另一个 post 提到了这个 'mail' gem,但我没有看到用它验证电子邮件地址的方法。
https://github.com/mikel/mail/tree/6b0ebb142c476bf7c00524effe513a4f151f59ab
符合 PERC RFC5322 标准
(?(DEFINE)
(?<addr_spec> (?&local_part) @ (?&domain) )
(?<local_part> (?&dot_atom) | (?"ed_string) | (?&obs_local_part) )
(?<domain> (?&dot_atom) | (?&domain_literal) | (?&obs_domain) )

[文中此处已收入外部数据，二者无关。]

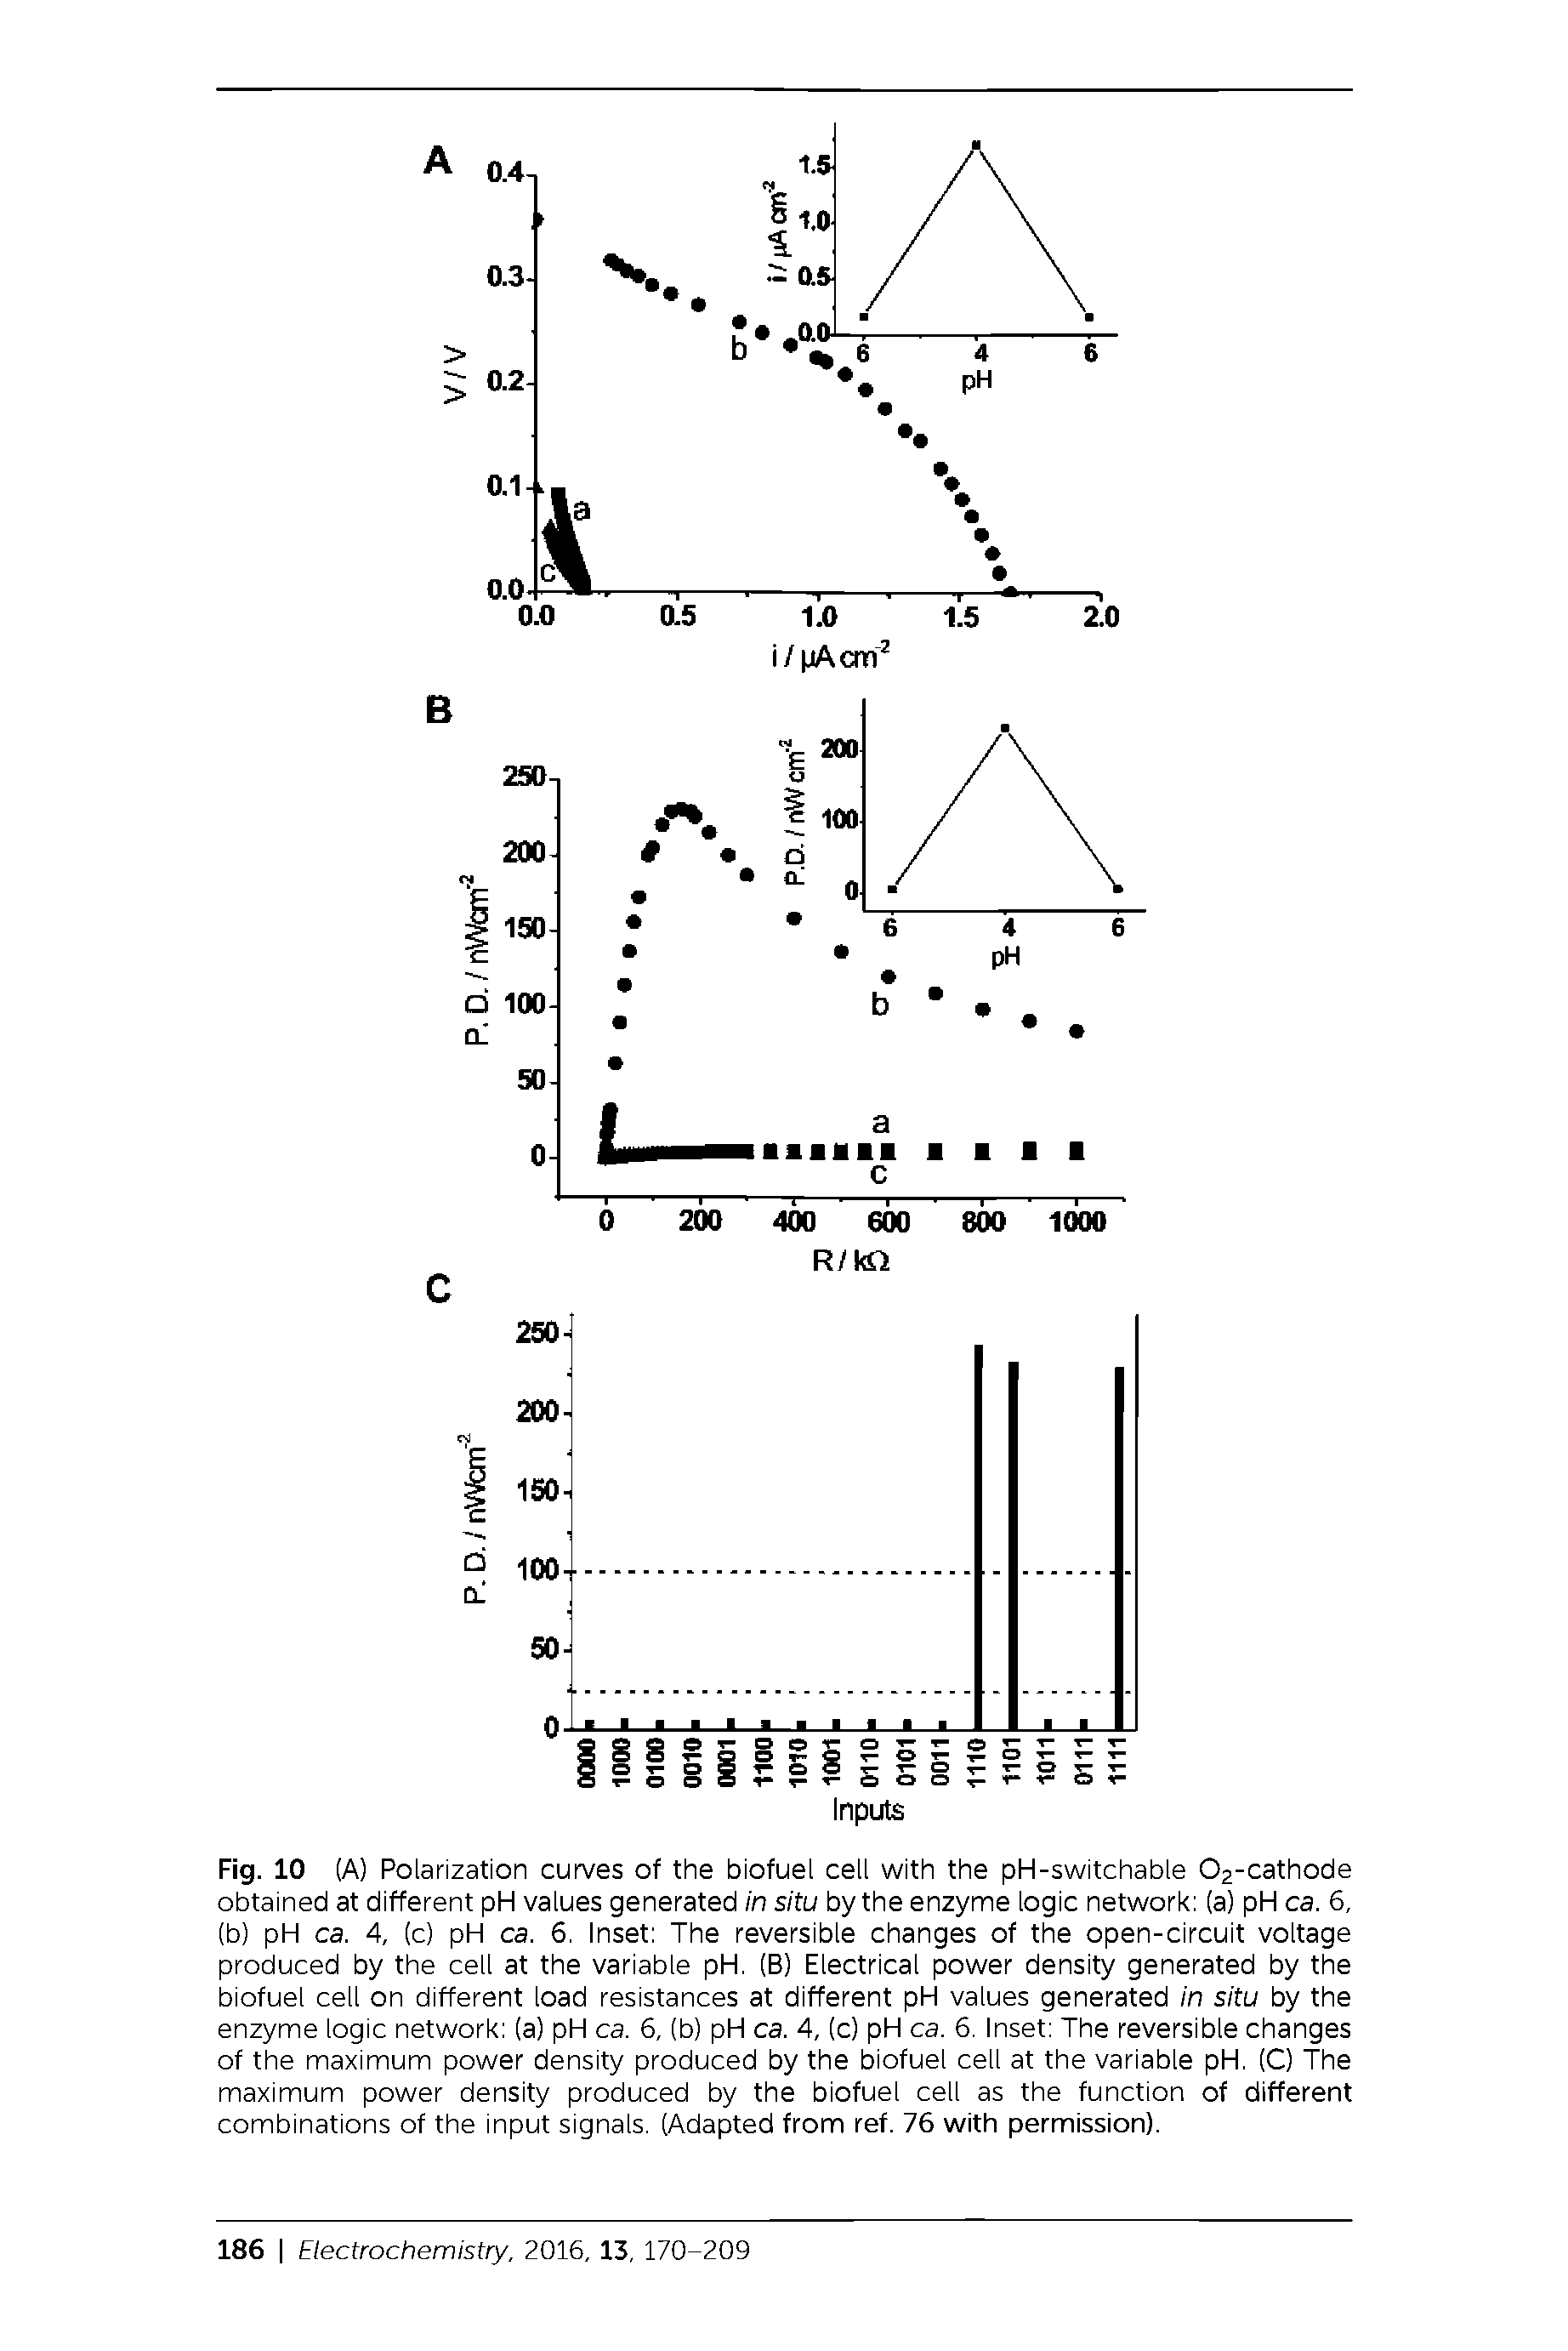 Fig. 10 (A) Polarization curves of the biofuel cell with the pH-switchable 02-cathode obtained at different pH values generated in situ by the enzyme logic network (a) pH ca. 6, (b) pH ca. 4, (c) pH ca. 6. Inset The reversible changes of the open-circuit voltage produced by the cell at the variable pH. (B) Electrical power density generated by the biofuel cell on different load resistances at different pH values generated in situ by the enzyme logic network (a) pH ca. 6, (b) pH ca. 4, (c) pH ca. 6. Inset The reversible changes of the maximum power density produced by the biofuel cell at the variable pH, (C) The maximum power density produced by the biofuel cell as the function of different combinations of the input signals. (Adapted from ref. 76 with permission).

(?<domain_literal> (?&CFWS)? \[ (?: (?&FWS)? (?&dtext) )* (?&FWS)? \] (?&CFWS)? )
(?<dtext> [\x21-\x5a] | [\x5e-\x7e] | (?&obs_dtext) )
(?<quoted_pair> \ (?: (?&VCHAR) | (?&WSP) ) | (?&obs_qp) )

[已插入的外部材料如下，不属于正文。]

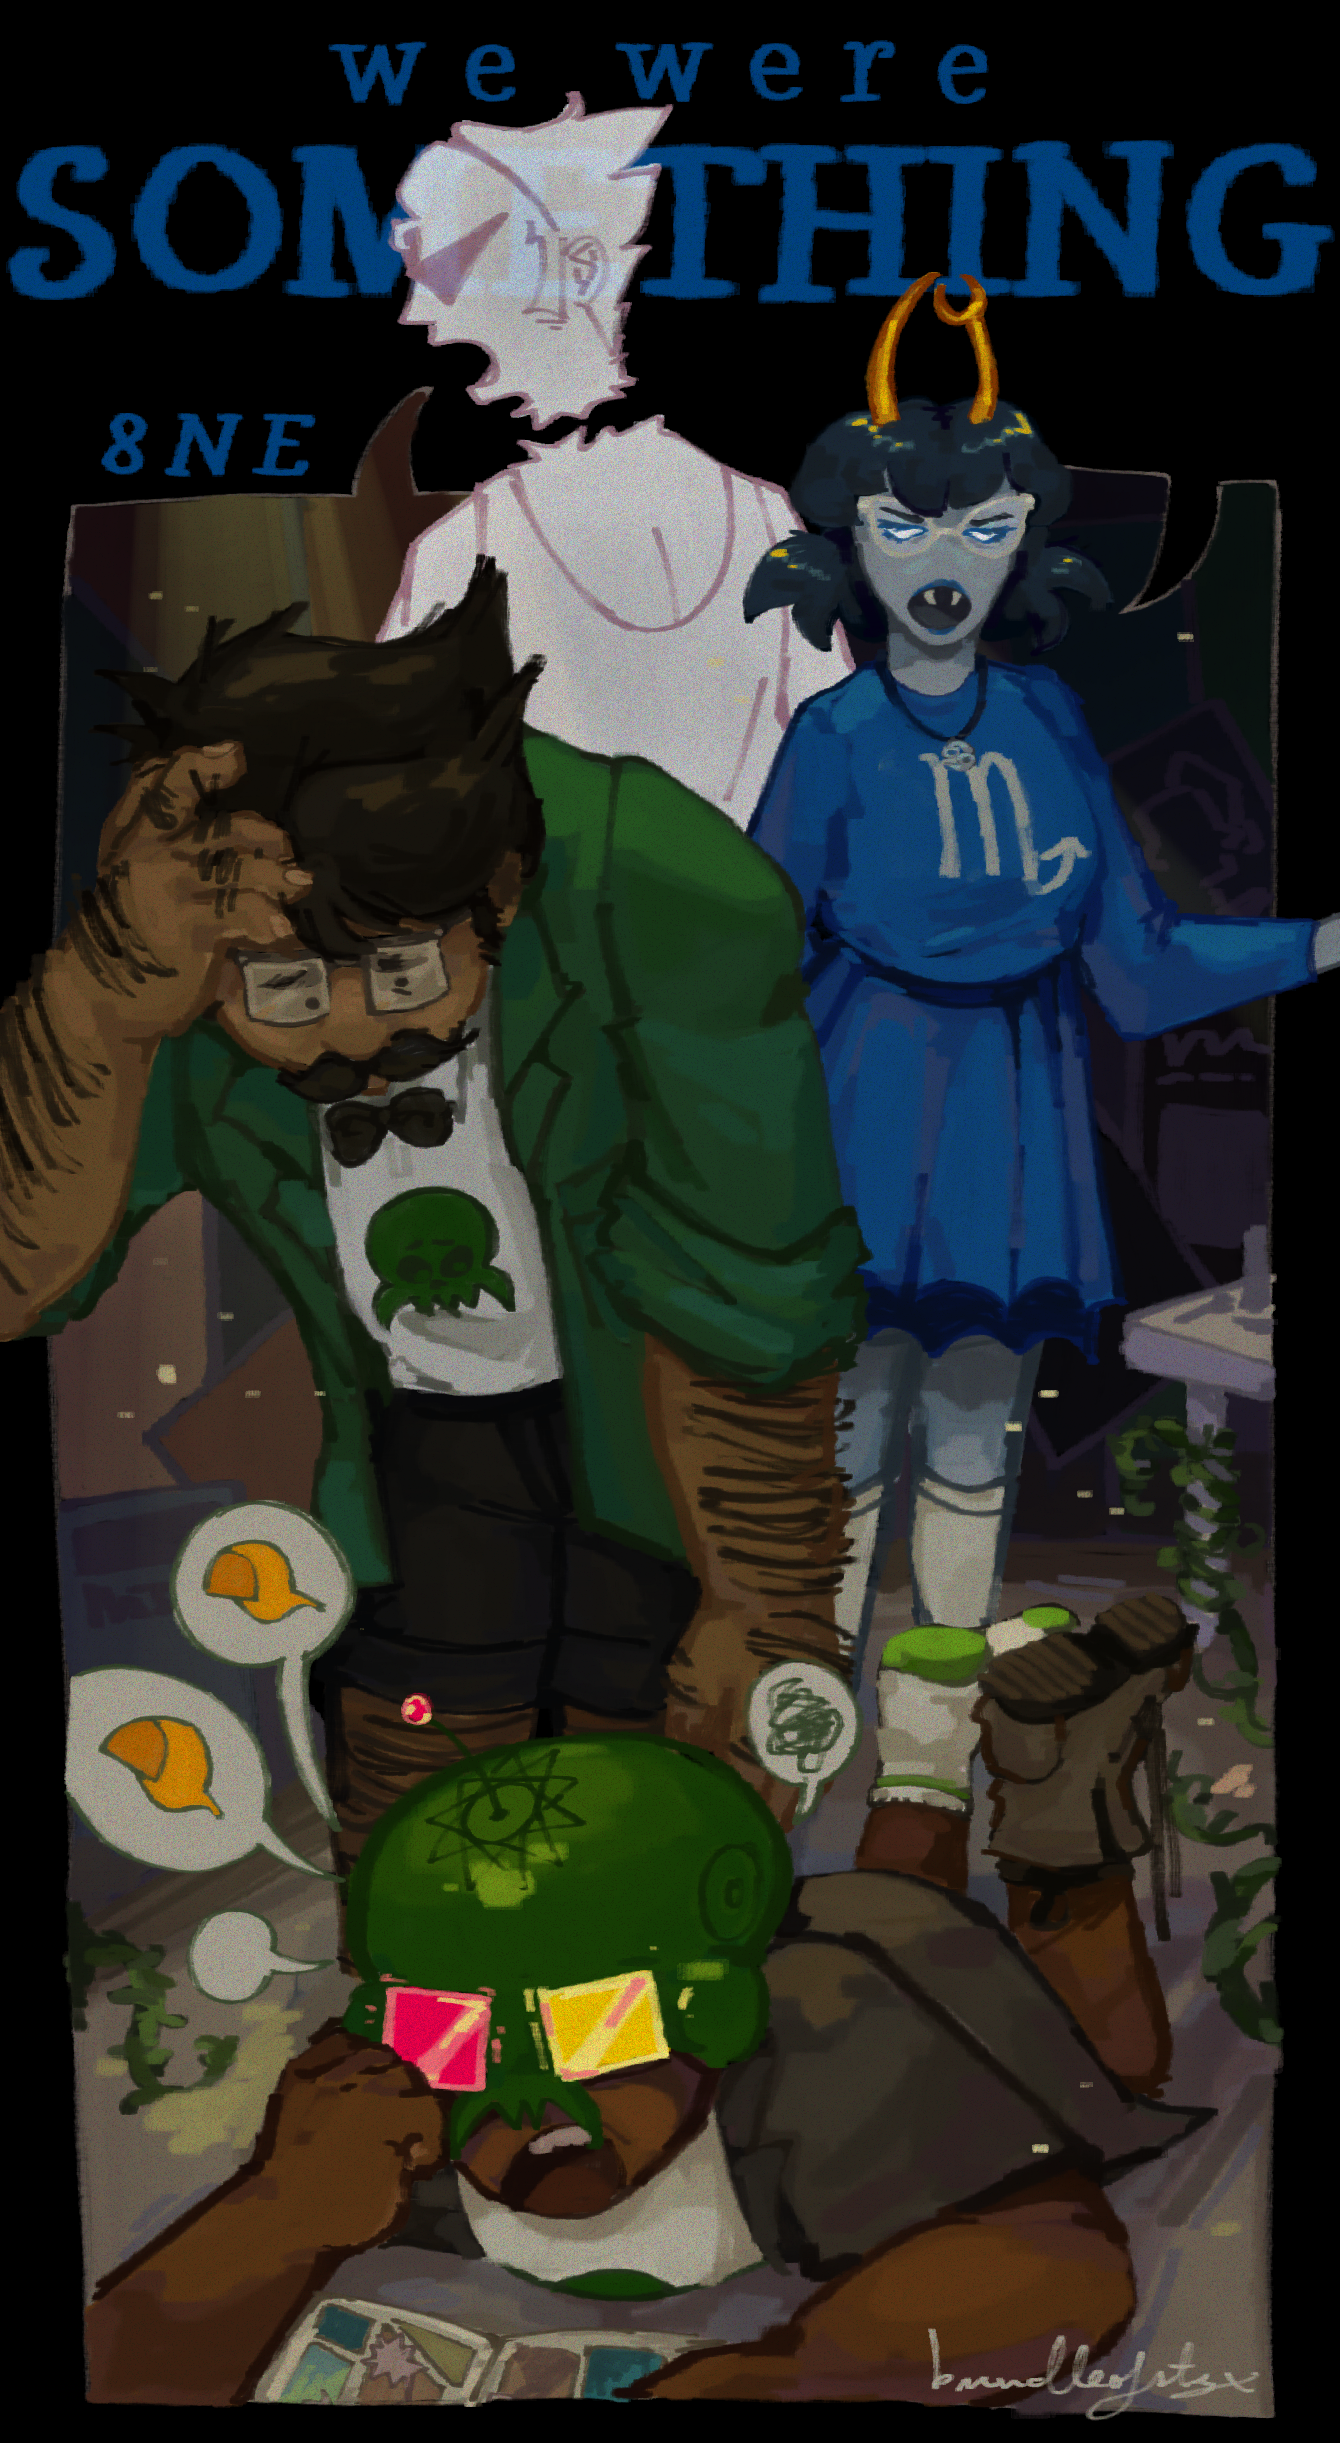 A painting showing a young Jake English wearing his skulltop chatting to Dirk Strider while reading a comic. Above him stands an older Jake English, staring incredulously, Aranea Serket, and Brain Ghost Dirk. The whole scene is in a speech bubble being spoken by Aranea and BGD. At the top of the painting is written: we were something, 8ne

(?<dot_atom> (?&CFWS)? (?&dot_atom_text) (?&CFWS)? )
(?<dot_atom_text> (?&atext) (?: \. (?&atext) )* )
(?<atext> [a-zA-Z0-9!#$%&'*+\/=?^_`{|}~-]+ )
(?<atom> (?&CFWS)? (?&atext) (?&CFWS)? )
(?<word> (?&atom) | (?"ed_string) )
(?<quoted_string> (?&CFWS)? " (?: (?&FWS)? (?&qcontent) )* (?&FWS)? " (?&CFWS)? )

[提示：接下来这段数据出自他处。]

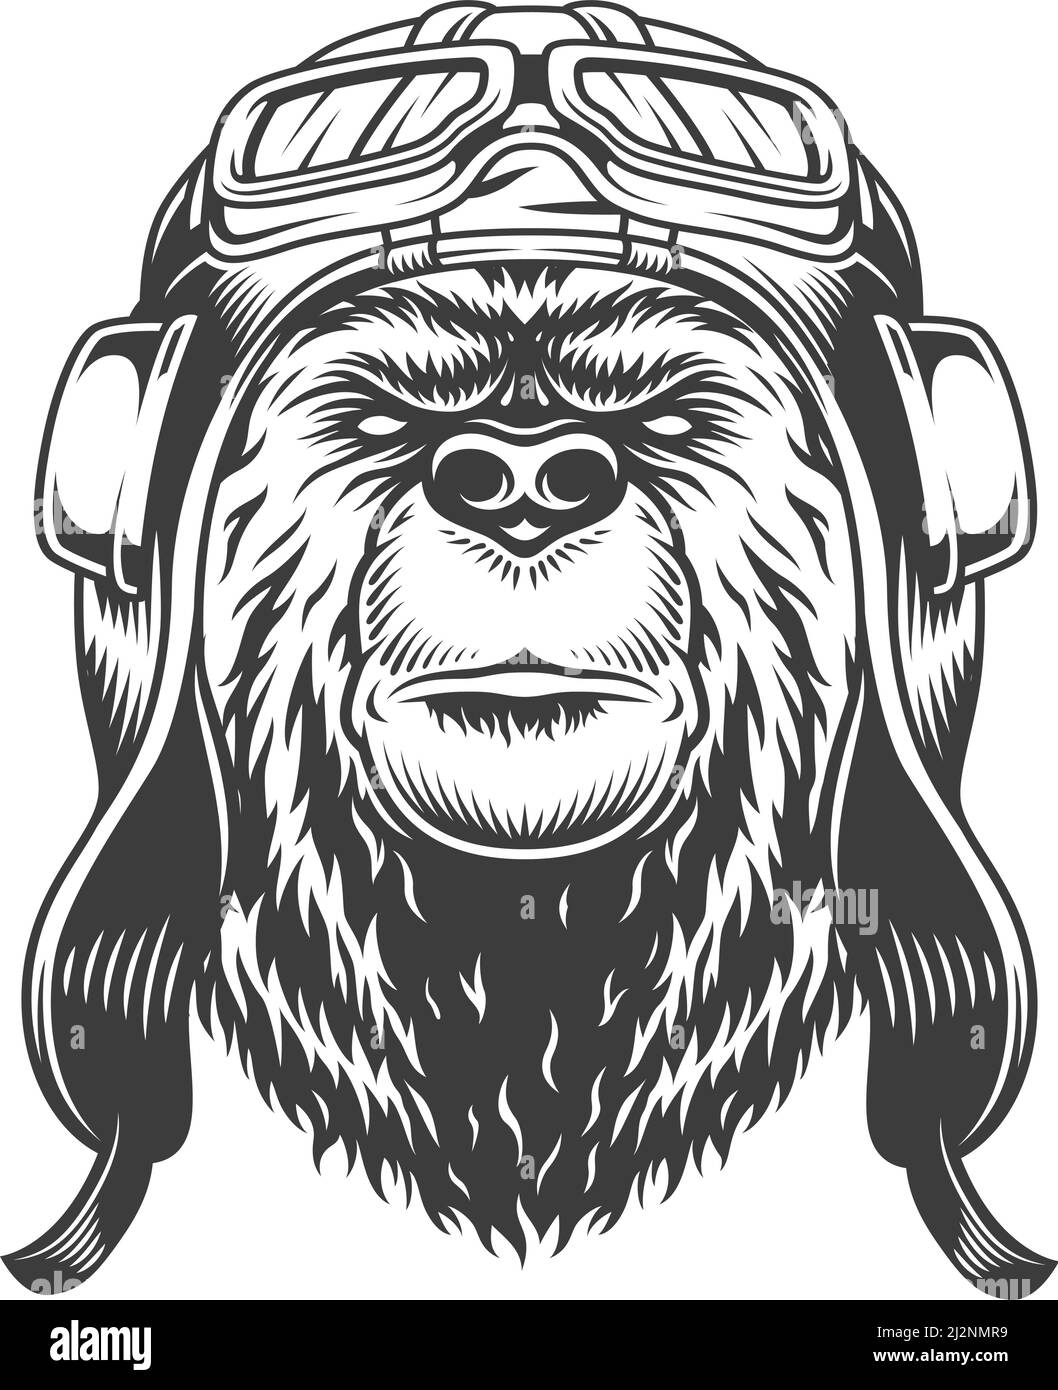 Bear head in helmet and goggles in vintage monochrome style isolated vector illustration Stock Vector

(?<qcontent> (?&qtext) | (?"ed_pair) )
(?<qtext> \x21 | [\x23-\x5b] | [\x5d-\x7e] | (?&obs_qtext) )
# comments and whitespace
(?<FWS> (?: (?&WSP)* \r\n )? (?&WSP)+ | (?&obs_FWS) )
(?<CFWS> (?: (?&FWS)? (?&comment) )+ (?&FWS)? | (?&FWS) )
(?<comment> \( (?: (?&FWS)? (?&ccontent) )* (?&FWS)? \) )
(?<ccontent> (?&ctext) | (?"ed_pair) | (?&comment) )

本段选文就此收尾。